Scott Taub, managing director at Financial Reporting Advisors and a former acting chief accountant at the SEC, is all too familiar with the pushback preparers sometimes give when their judgments are questioned. “You can’t just point to the words in the standard and say: ‘The standard says use judgment; how can you disagree with me?’” said Taub at the same conference. “You’ve got to be able to provide the support that is necessary.”

Arriving at difficult judgments was not a small or straightforward task, said Stacy Harrington, senior director of revenue assurance at Microsoft, one of a handful of companies that elected to adopt the standard at the beginning of 2017. She participated in working groups at both the AICPA and Financial Executives International to vet various interpretations of the new standard, and observed a great deal of consternation over differences in accounting conclusions within the company’s industry sector.
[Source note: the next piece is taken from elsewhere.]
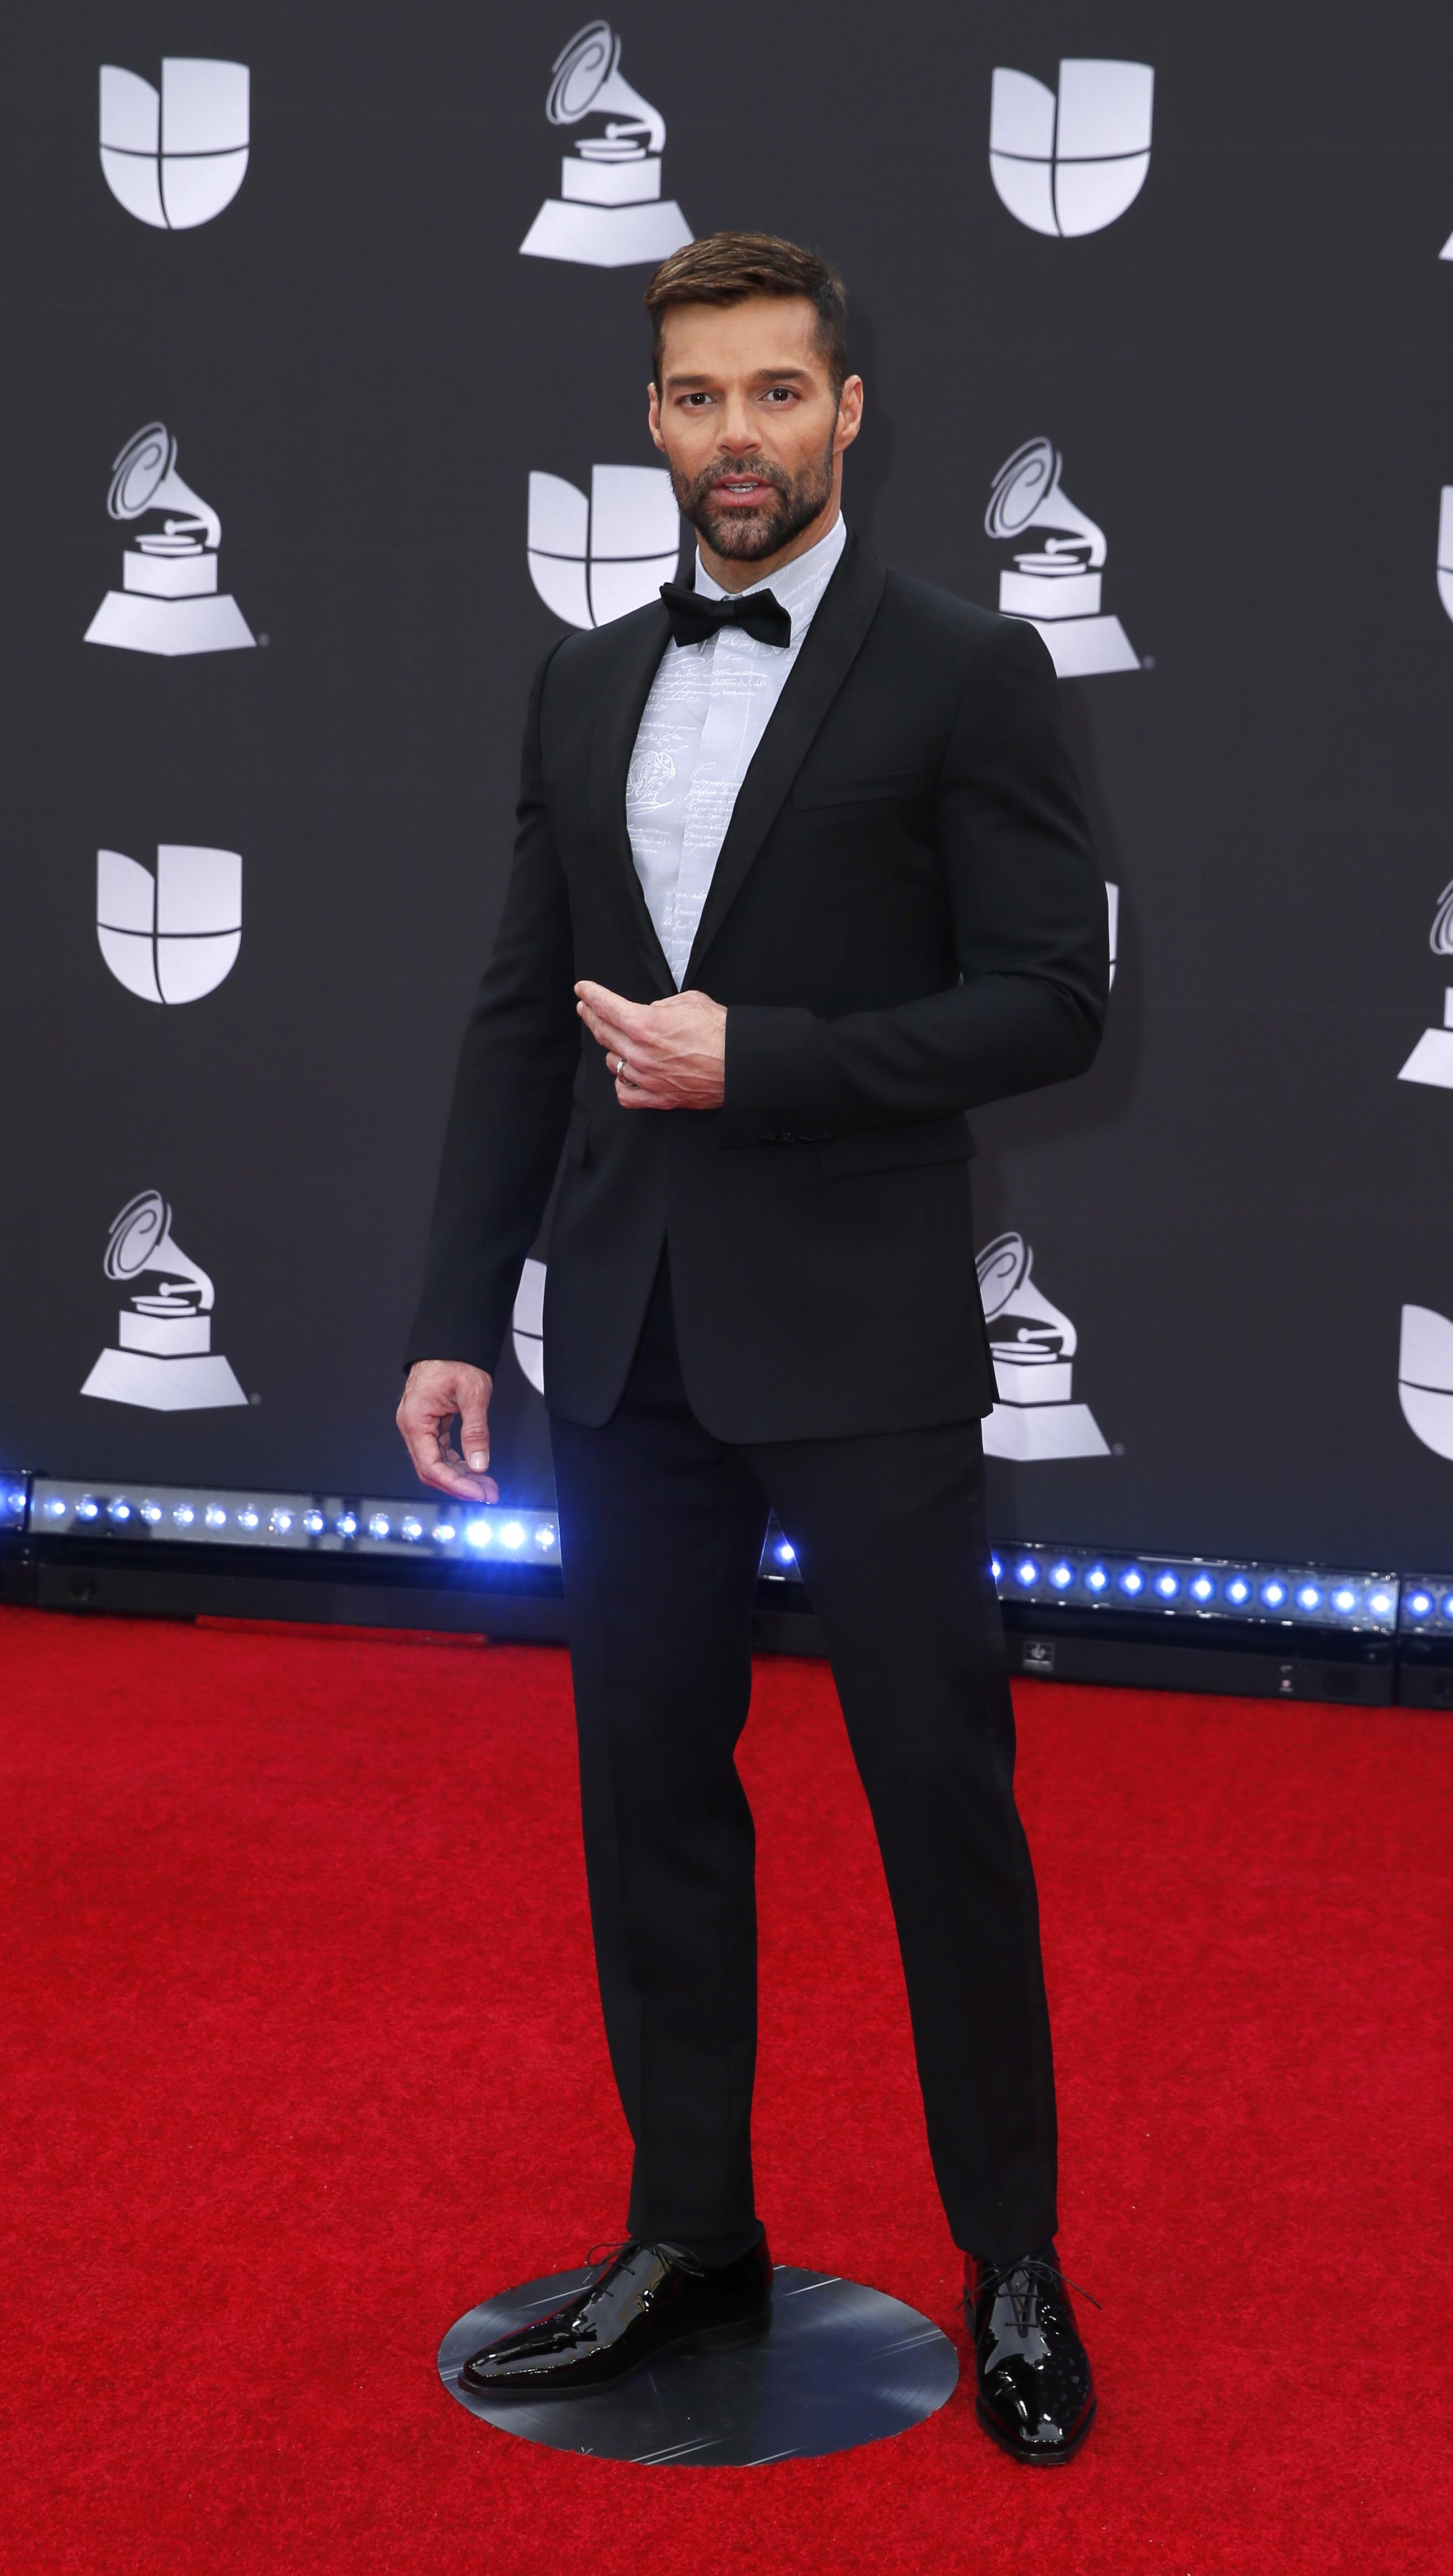 Ricky Martin es el anfitrión de la velada y se presentará en el escenario de los Latin Grammy 2019 con su nuevo tema

“There were growing pains around: ‘I just don’t want to change.’” Harrington said. “It took years to work through issues.” It’s as if people were going through the various stages of grief—shock, denial, and anger, before coming to terms with the new requirements. Discussions were difficult, she said.

The working groups Harrington referenced—especially the industry task forces operated through the AICPA’s Financial Reporting Executive Committee—have produced some helpful guidance, said Taub. The groups are producing papers describing how companies in specific industry sectors have coalesced around some common views about how to apply the new requirements to their particular business models.

“They describe the issues in clean language,” said Taub. “They’re very understandable. They provide a good description of what the thought process should be and how the principles relate to specific fact patterns.”

Identifying performance obligations under the new standard has proven particularly difficult, said EY partner John Offenbacher, especially in sorting out where elements of a contract are interrelated or interdependent. That analysis is key to sorting out whether performance obligations are distinct within a contract, and therefore should be treated separately with respect to recognizing revenue.

“Getting to a place where there’s a thorough understanding of the facts such that there could be a determination of whether you have two-way interdependency or an interrelationship has proven to be a very difficult task,” said Offenbacher. He’s also spent a great deal of time in discussions on whether revenue should be recognized on a gross or net basis, depending on whether a company is acting as a principal or an agent in a given contract.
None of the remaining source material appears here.